Со странным чувством открыл я эти залежавшиеся листки. До завтра, сказал я моему неведомому читателю, не предполагая, что не одни сутки, а целых три года пройдет до той минуты, когда возобновлю я прерванную беседу. И только из желания всегда доводить до конца то, что я начал, набрасываю я эти последние строки.
Если успел измениться за эти года мой неведомый друг – читатель, то еще в большей степени изменился я в условиях моей новой жизни. С грустной улыбкой, иногда с недоумением, иногда возмущаясь глубоко, проглядел я написанное. Кому это нужно? – разве я не один? А я все искал кого-то, хотел кого-то убедить, мучился сознанием, что мне не верят, и – часто лгал. Да, теперь я могу откровенно сознаться: я очень много лгал в этих бесцельных и наивных записках[76]. Зачем я делал это – разве я не один? И что значат какие-то жалкие правда и ложь в сравнении с тем грозным и великим, что ношу я сейчас в моей одинокой душе. Как жалкий актер, я искал каких-то бессмысленных аплодисментов и кланялся низко праздному зеваке, заплатившему гроши, чтобы увидеть меня, – когда тут же, в темноте кулис, поджидала меня голодная Вечность! Не довольствуясь сознанием, что я невиновен, я все время пытался зачем-то доказать мою чистоту – точно кому-нибудь и действительно нужна моя чистота. Впрочем, не буду распространяться: уже скоро тюремщик погасит свет в моей камере, а возвращаться снова к этим запискам я не хочу.
Вернусь к тому отдаленному времени.
После долгих, теперь не совсем понятных мне колебаний я решил наконец восстановить для себя во всей строгости систему нашей тюрьмы. Для этой цели, найдя на окраине города небольшой дом, отдававшийся в долгосрочную аренду, я нанял его; затем, при любезном содействии г. начальника нашей тюрьмы, всю глубину благодарности к которому я не могу выразить словами, я пригласил на новое место одного из опытнейших тюремщиков, человека еще молодого, но уже закаленного в строгих принципах нашей тюрьмы. Пользуясь его указаниями, а также советами все того же обязательного г. начальника, нанятые мною рабочие превратили одну из комнат в точное подобие камеры.
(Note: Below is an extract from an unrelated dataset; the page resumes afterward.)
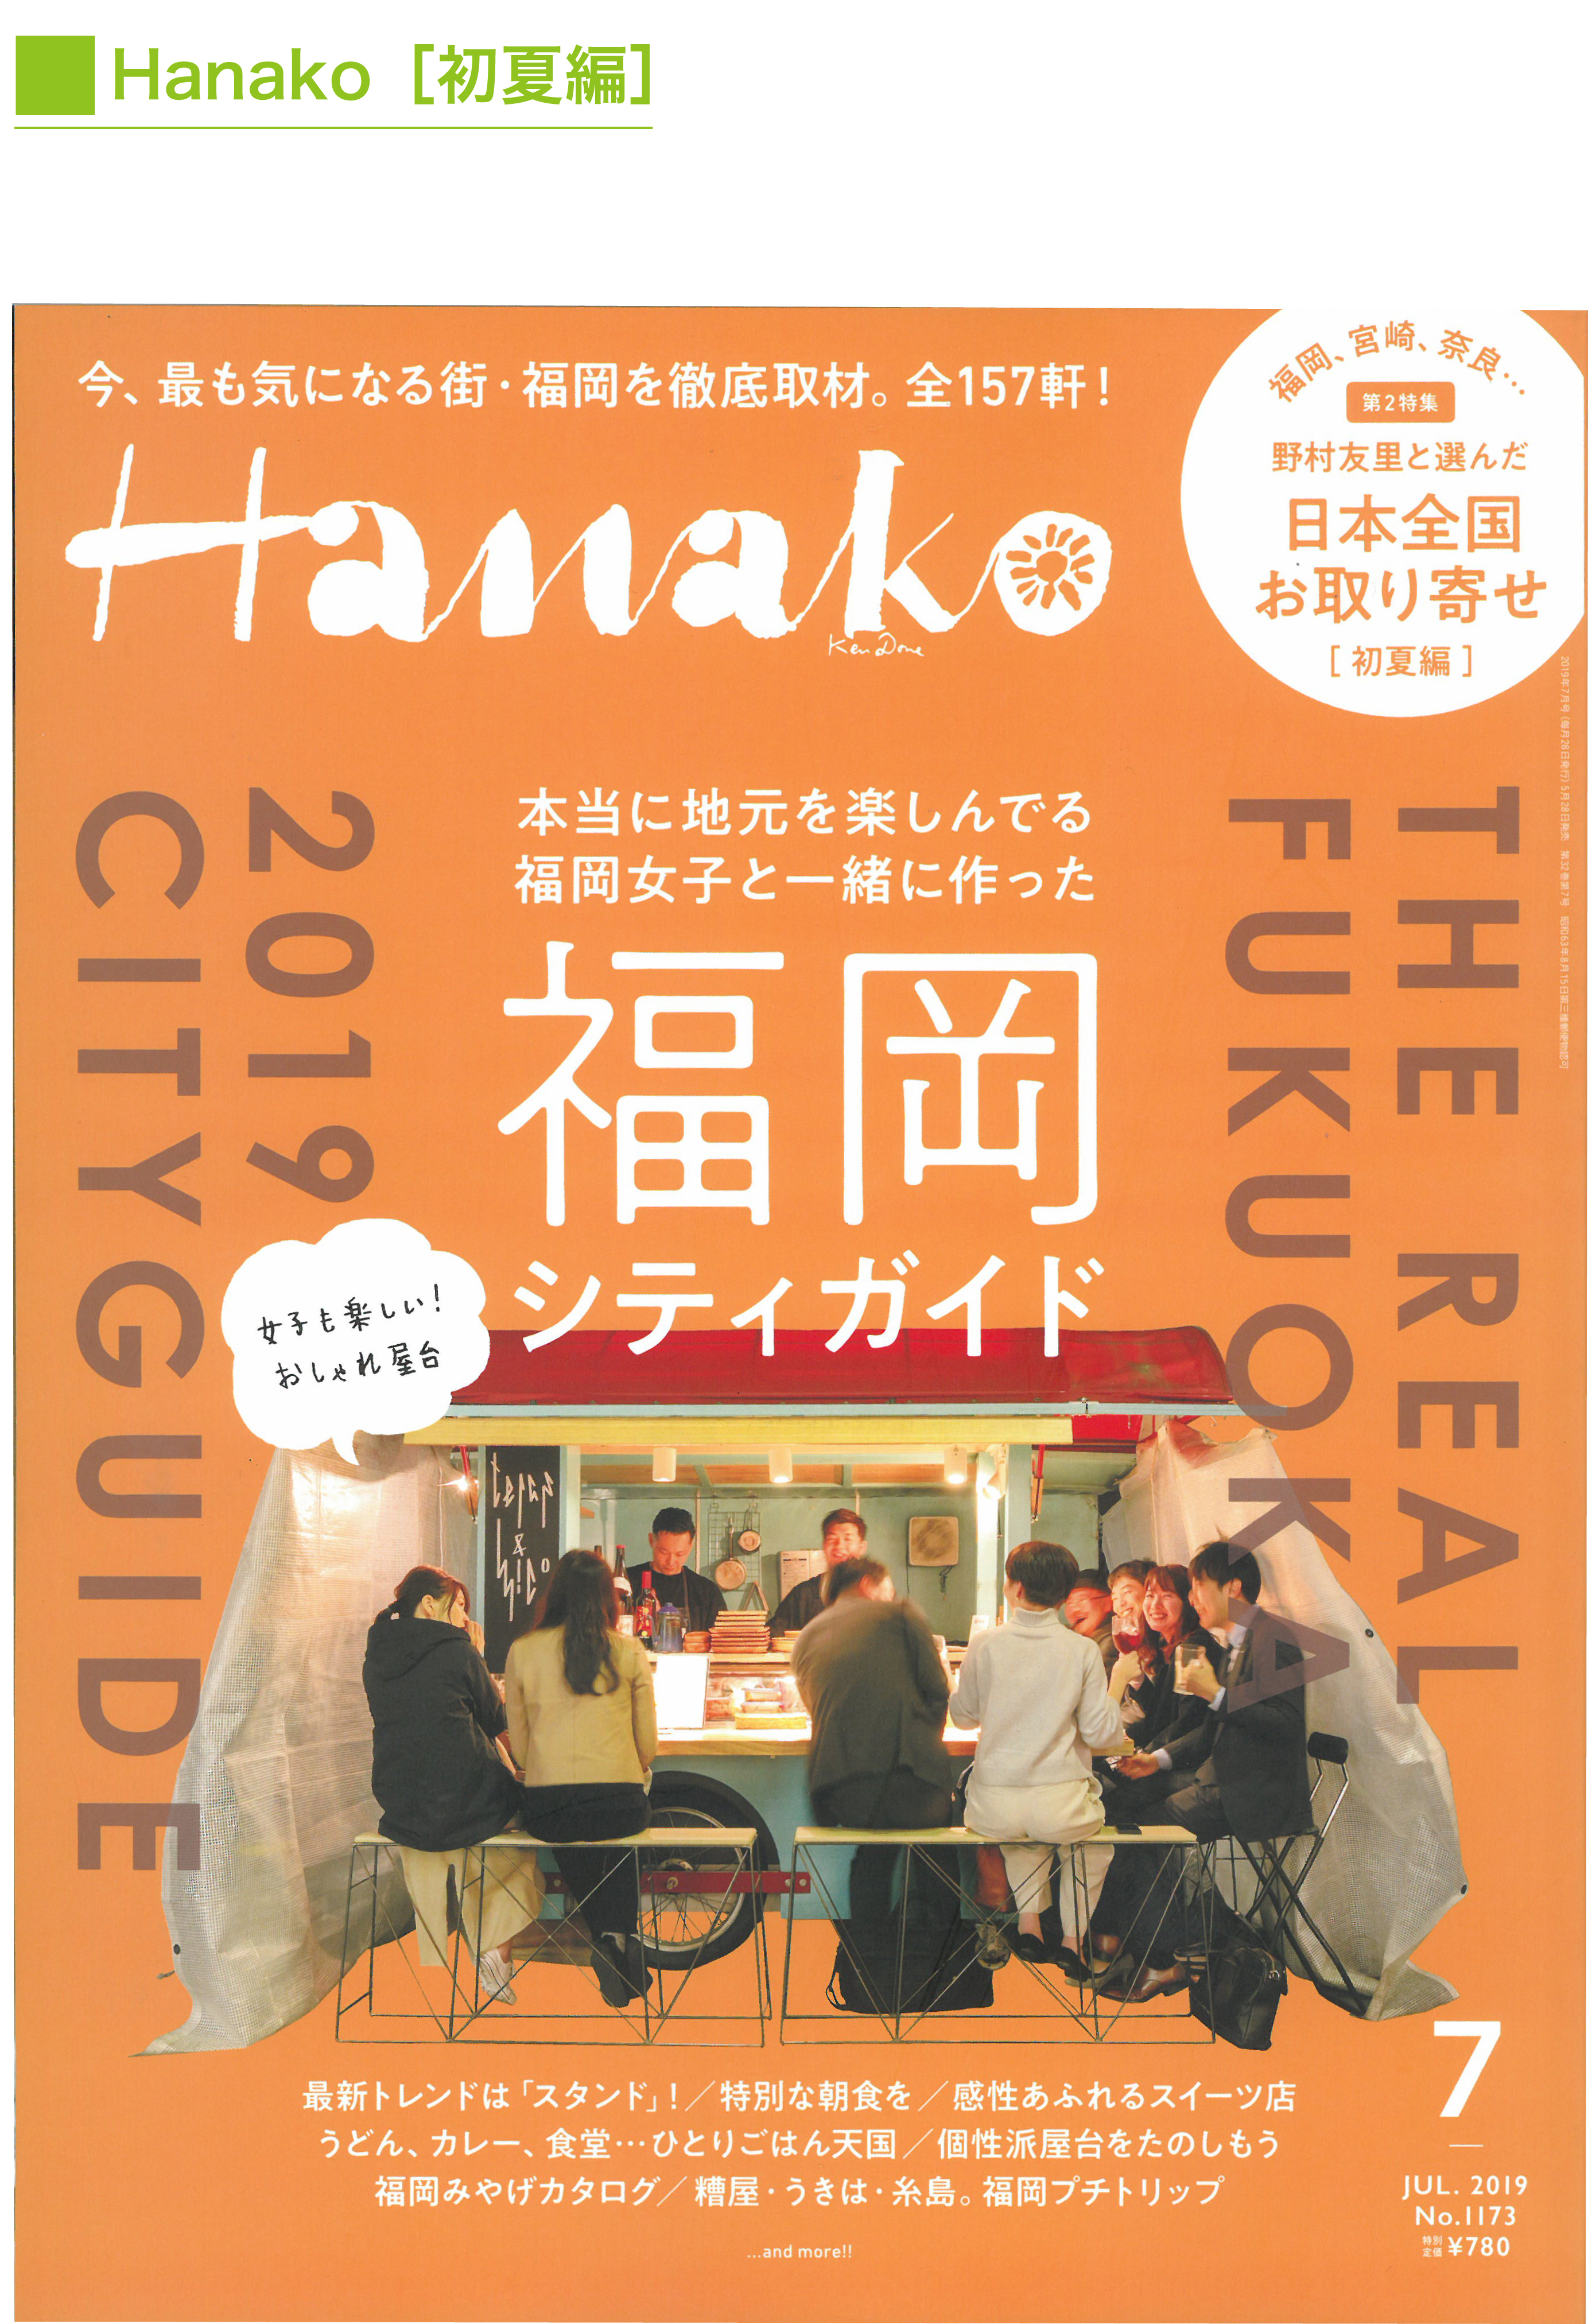 Hanako福岡シティガイド
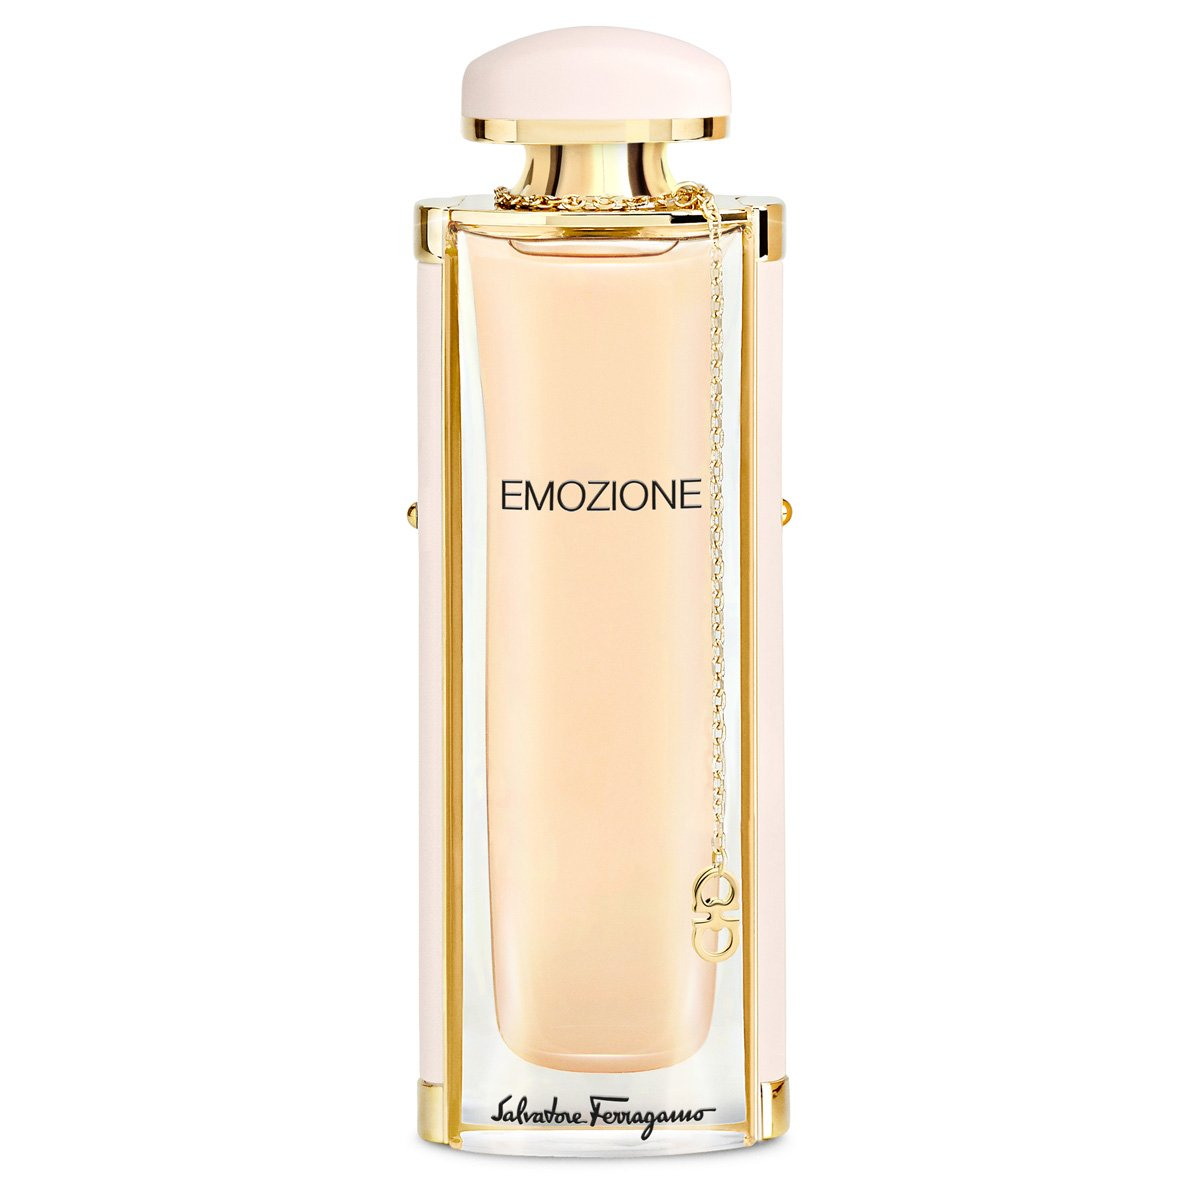 Perfume Emozione Feminino Salvatore Ferragamo EDP 50ml

Как размеры, так и форма и все подробности моего нового и, надеюсь, последнего жилища строго соответствуют плану. Размеры моей камеры 8 на 4; высота 4; стены внизу покрашены серой краской, верх же их, а равно потолок остаются белыми; вверху квадратное окно 1 1/2 на 1 1/2 с массивной железной решеткой, уже успевшей заржаветь от времени; на двери, запираемой тяжелым и прочным замком, издающим звонкий лязг при каждом повороте ключа, небольшое отверстие для наблюдения, а ниже его форточка, в которую подается и принимается пища. Обстановка камеры: стол, стул и привинченная к стене кровать; на стене Распятие, мой портрет и в черной рамке правила о поведении заключенных, а в углу шкап с книгами. Последний, являясь нарушением строгой гармонии моего жилища, вызван крайней и печальной необходимостью: тюремщик решительно отказался быть моим библиотекарем и выдавать мне книги по списку[77], а нанимать для этой цели особого человека мне показалось излишним чудачеством. И без того при осуществлении плана я встретил сильную оппозицию не только со стороны местного населения, которое попросту объявило меня сумасшедшим, но и со стороны лиц более просвещенных. Даже г. начальник некоторое время безуспешно пытался отговорить меня и только под конец пожал мне руку, выразив искреннее сожаление, что не может предоставить мне места в нашей тюрьме.
Не могу без горькой улыбки вспомнить первый день моего заключения: толпа наглых и невежественных зевак с утра до ночи галдела у моего окна, задирая голову кверху (моя камера находится во втором этаже), и осыпала меня бессмысленными ругательствами; были даже попытки – к стыду моих сограждан! – разгромить мое жилище, и один довольно увесистый камень чуть не раздробил мне голову. Только вовремя явившейся полиции удалось предотвратить катастрофу. Когда же по вечерам я выходил на мою прогулку, сотня глупцов, взрослых и детей, провожала меня с гиком и свистом, осыпая бранью, даже бросая в меня грязью. Так, подобно гонимому пророку, бестрепетно совершал я мой путь среди беснующейся толпы, на удары и проклятия отвечая только гордым молчанием.
Что возмутило этих глупцов, чем оскорбил я их пустую голову? Когда я им лгал – они целовали мне руки; когда же во всей строгости и чистоте я восстановил святую правду моей жизни, они разразились проклятиями, они заклеймили меня презрением, забросали грязью. Их возмутило, что я смею жить один и не прошу для себя местечка в общей камере для мошенников. Как трудно быть правдивым в этом мире!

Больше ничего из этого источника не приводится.